Can an Interview Question Perpetuate Gender-Based Discrimination?

You’ve probably heard that women earn an average of 20 percent less than what men in the same position make. From the moment a woman enters the workforce, this unequal footing sets her on a disadvantaged trajectory for her entire career.

When a woman decides to move into a new position, she’ll typically be asked about her salary at her previous job. As this salary is likely lower than her male counterparts applying for the same role, it will negatively impact her negotiating power and starting salary in her new role. At each change in her career, her comparatively lower salary from her previous job further exacerbates the gender-based wage gap.

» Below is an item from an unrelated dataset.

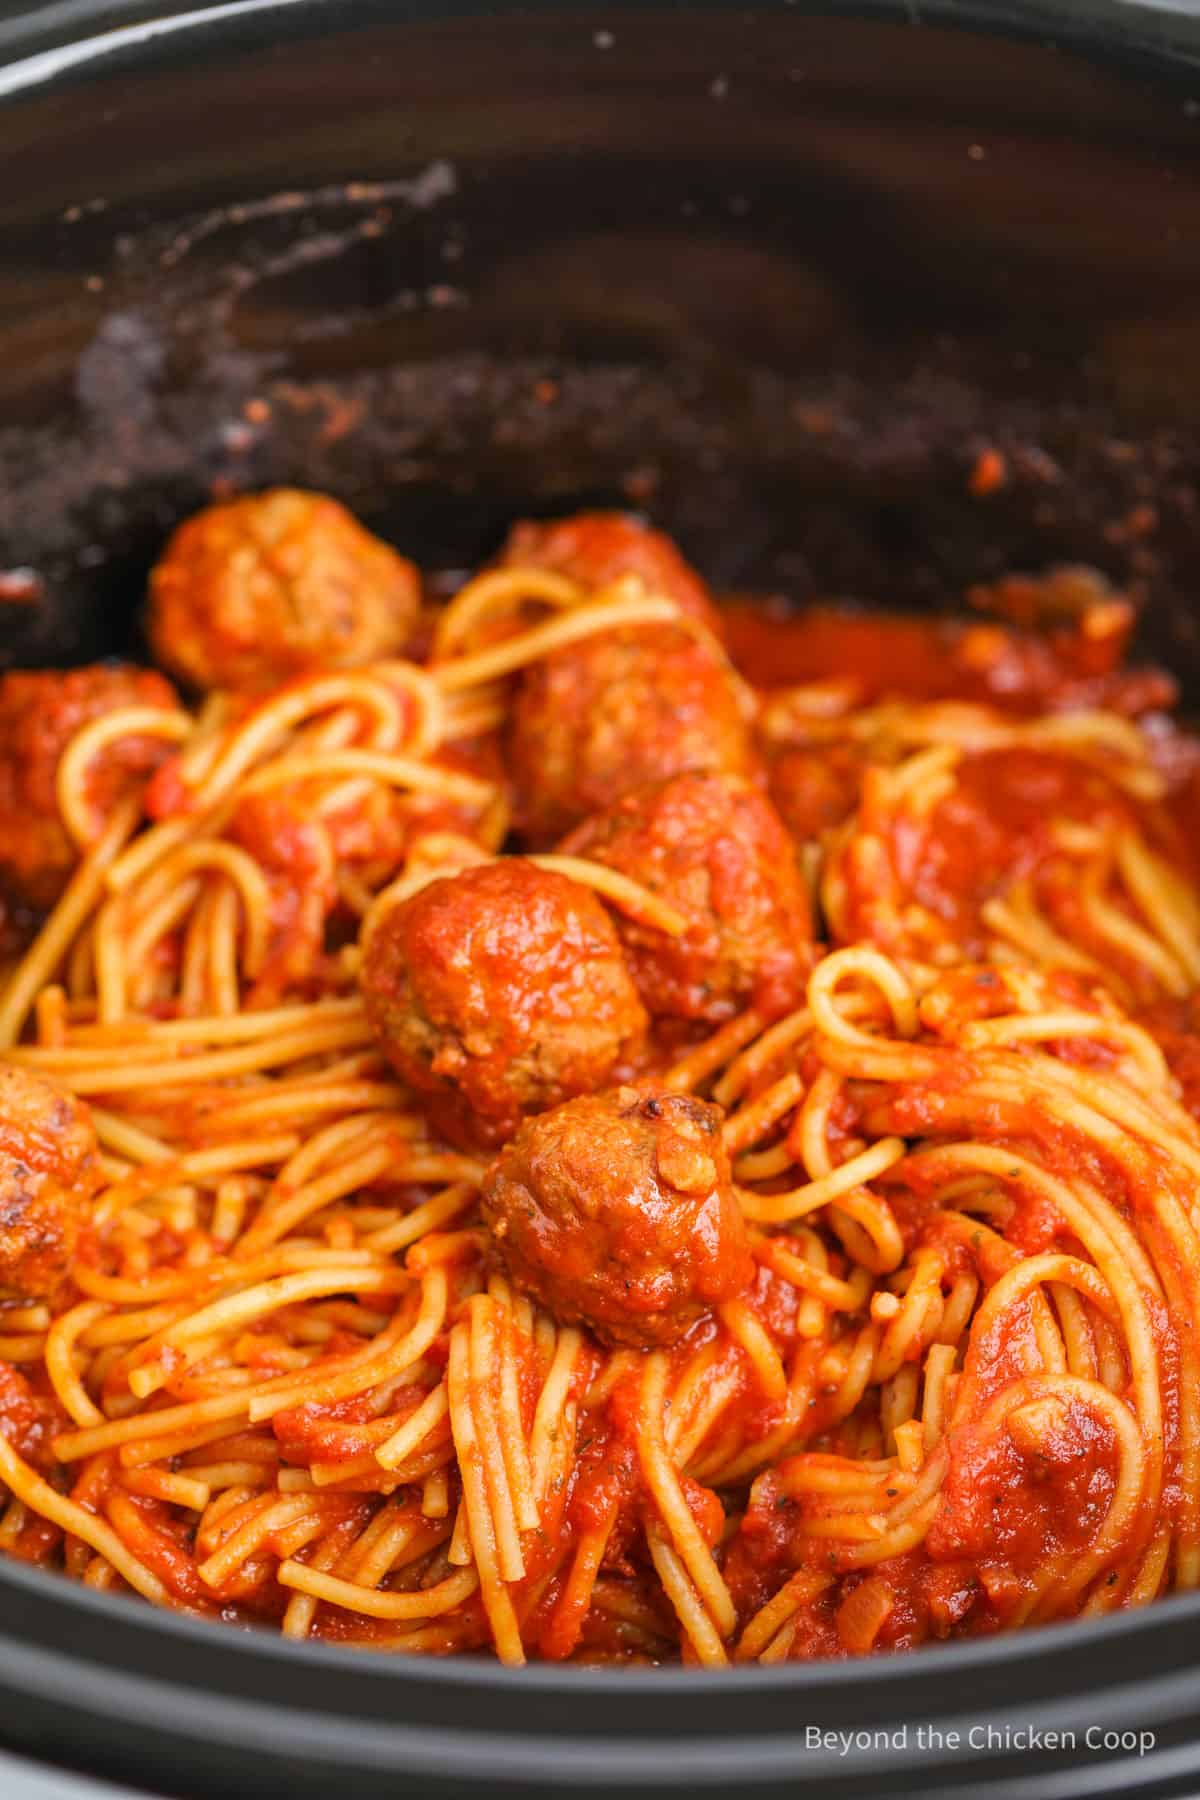 Spaghetti and meatballs in a crock pot. 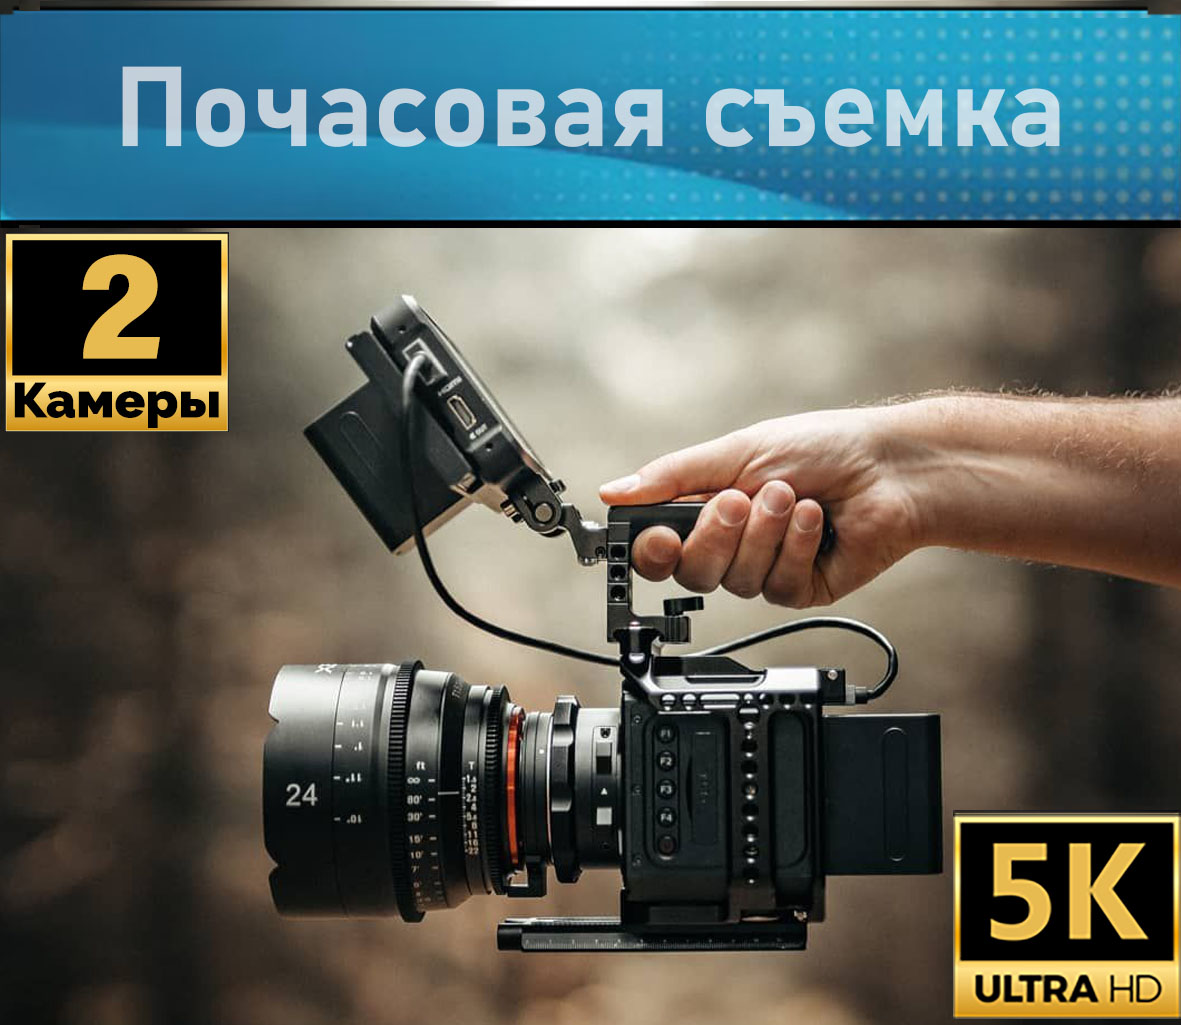 Видеосъемка 5К цена 2 камеры

However, some states—and even some employers—have taken steps to combat this trend. They’re banning interviewers from asking about a job applicant’s previous salary at all. The theory is that by taking salary history out of the equation, employers will have to focus on more accurate indicators of what makes a skilled, productive employee.

Could This Work?

The ban has only been implemented in a few states, and it is new enough that its effectiveness has yet to be determined.

On the one hand, there is evidence that blind studies lead to more equitable results. For example, a recent study of classical musicians who auditioned for a symphony orchestra from behind a curtain led to a greater number of female musicians being hired.

On the other hand, in a separate study, employers who were not permitted to ask about applicants’ criminal history tended to hire fewer black and Hispanic applicants. One explanation of this result is that employers had an underlying, discriminatory presumption of a criminal record among such candidates, and without concrete evidence to the contrary, they were more likely to rely on this unfounded presumption.

Thus, the same could hold true in the case of gender and wages. If a woman applies for a job and is not asked about her salary history, the employer may assume that the woman’s salary was probably lower and use this assumption as a basis for the salary offer at the new job.

Because much of discrimination is rooted in stereotypes that may not even be conscious, there are no straightforward answers to solving these issues. Nonetheless, workplace discrimination is illegal. If you believe you’ve been a victim of gender-based discrimination at your job, it’s worth consulting with an employment attorney to understand your rights.